Negative / boundaries (documented, not hidden):

  • Not universal. When the projection is cache-backed, or writes span a provider different from the marker's, the marker is not atomic with the read-model write. In that case the option resolves to a no-op and the projector must be written as an idempotent upsert. This is surfaced in the guide and logged at debug.
  • Concurrent-redelivery loser surfaces a conflict. The losing writer's commit hits the unique index and raises; its delivery fails and the subsequent redelivery finds the marker and skips — eventual correctness within the at-least-once contract, but one delivery reports an error.
  • Throughput cost on opt-in projectors: one extra indexed read + write per processed message.
  • Marker growth is bounded by retention, not automatic. The marker table gains one row per (message_id, handler), and is_processed reads it on every delivery. protean idempotency cleanup prunes markers older than [consume_idempotency.cleanup].retention_hours (default 7 days) in bounded batches; operators run it periodically (e.g. cron). It is not auto-scheduled today; wiring it into an Engine maintenance tick (as DLQMaintenanceTask does for the DLQ) is a possible future enhancement. A marker is only useful while its event can still be redelivered, so pruning past that window is safe. Note also that handler is module.Class.method: renaming a projector method orphans its old markers (the cleanup eventually removes them) and opens a brief double-apply window for in-flight redeliveries across that deploy.
  • This does not make Protean exactly-once across stores; it is exactly-once only within one transactional provider.

Alternatives Considered

Redis seen-store mirroring command idempotency.
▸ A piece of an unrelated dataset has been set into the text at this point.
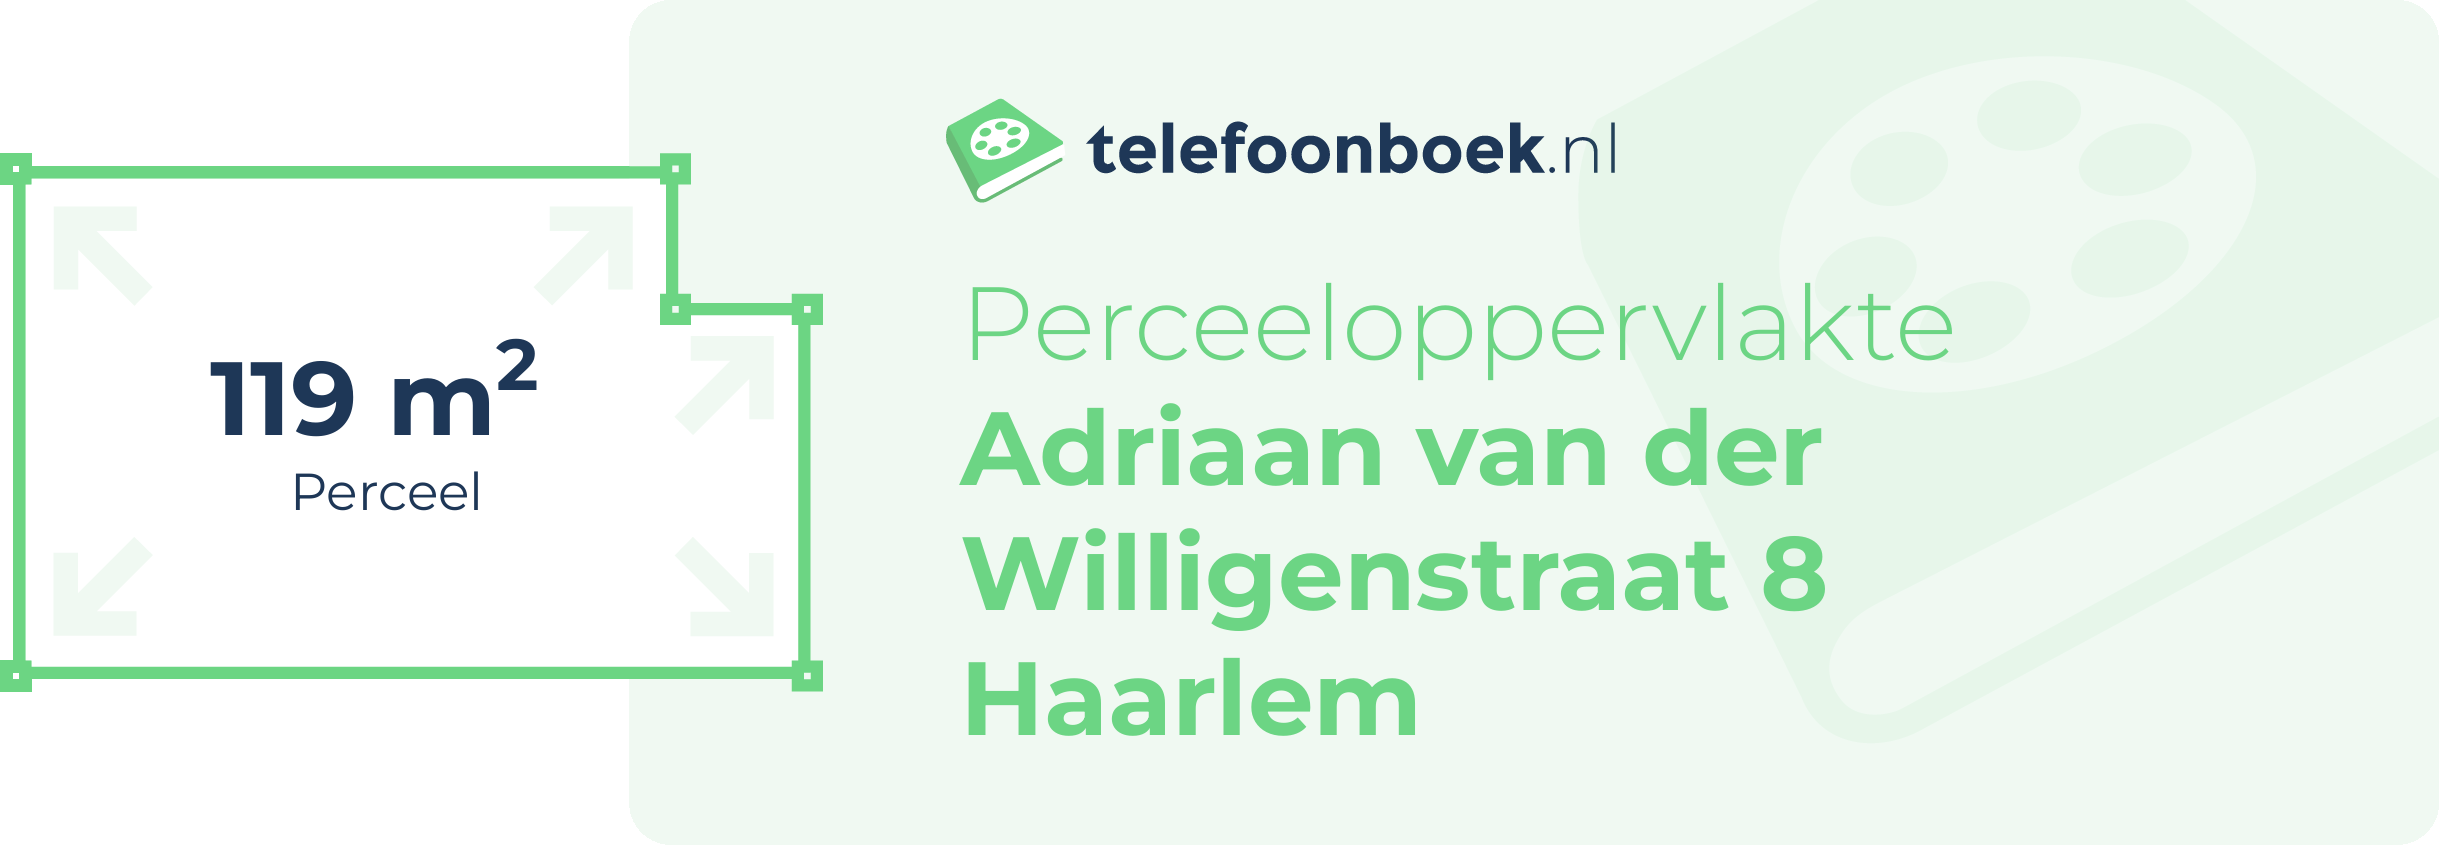 Perceeloppervlakte Adriaan Van Der Willigenstraat 8 Haarlem
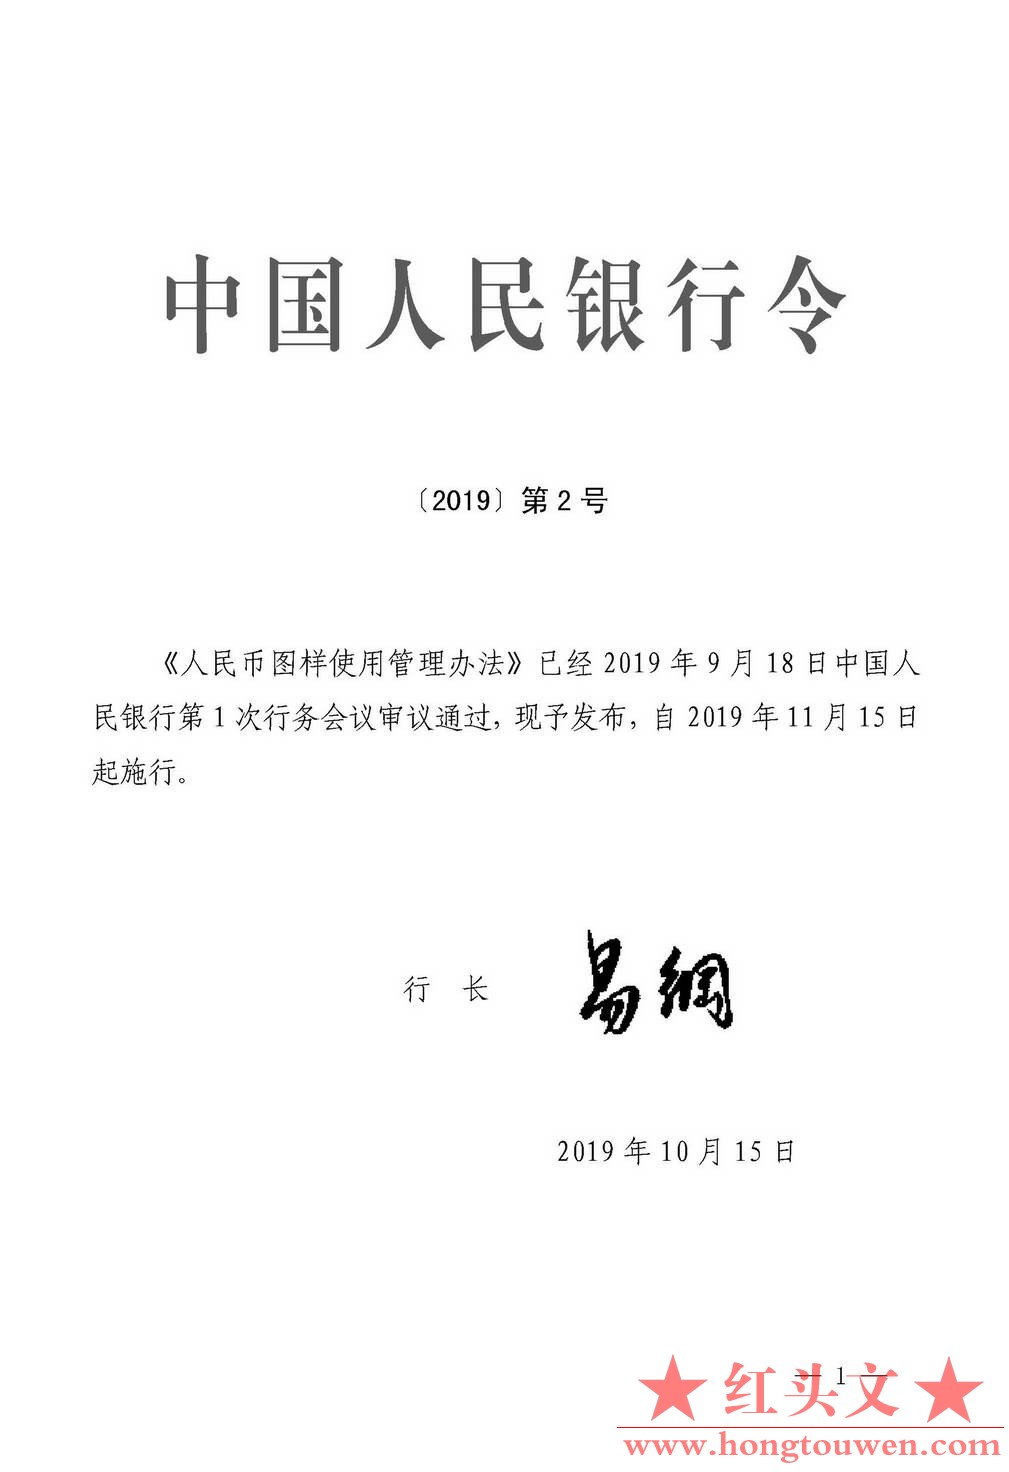 中国人民银行令[2019]第2号-人民币图样使用管理办法（2019年版）_页面_1_图像_0001.jp.jpg

Rejected: a Redis marker is not atomic with the read-model write, so a crash between the projector commit and the marker write re-opens the double-apply window. It would give false exactly-once confidence.

Documentation only — "projectors must be idempotent." Retained as the guidance for the non-transactional case, but insufficient on its own: some projectors genuinely need dedup and cannot be expressed as pure upserts.

Dedup at the subscription / ack layer. Rejected: the broker ack and the read-model write are in different systems, so the marker would again be non-atomic — the same gap this decision closes by putting the marker in the projection's transaction.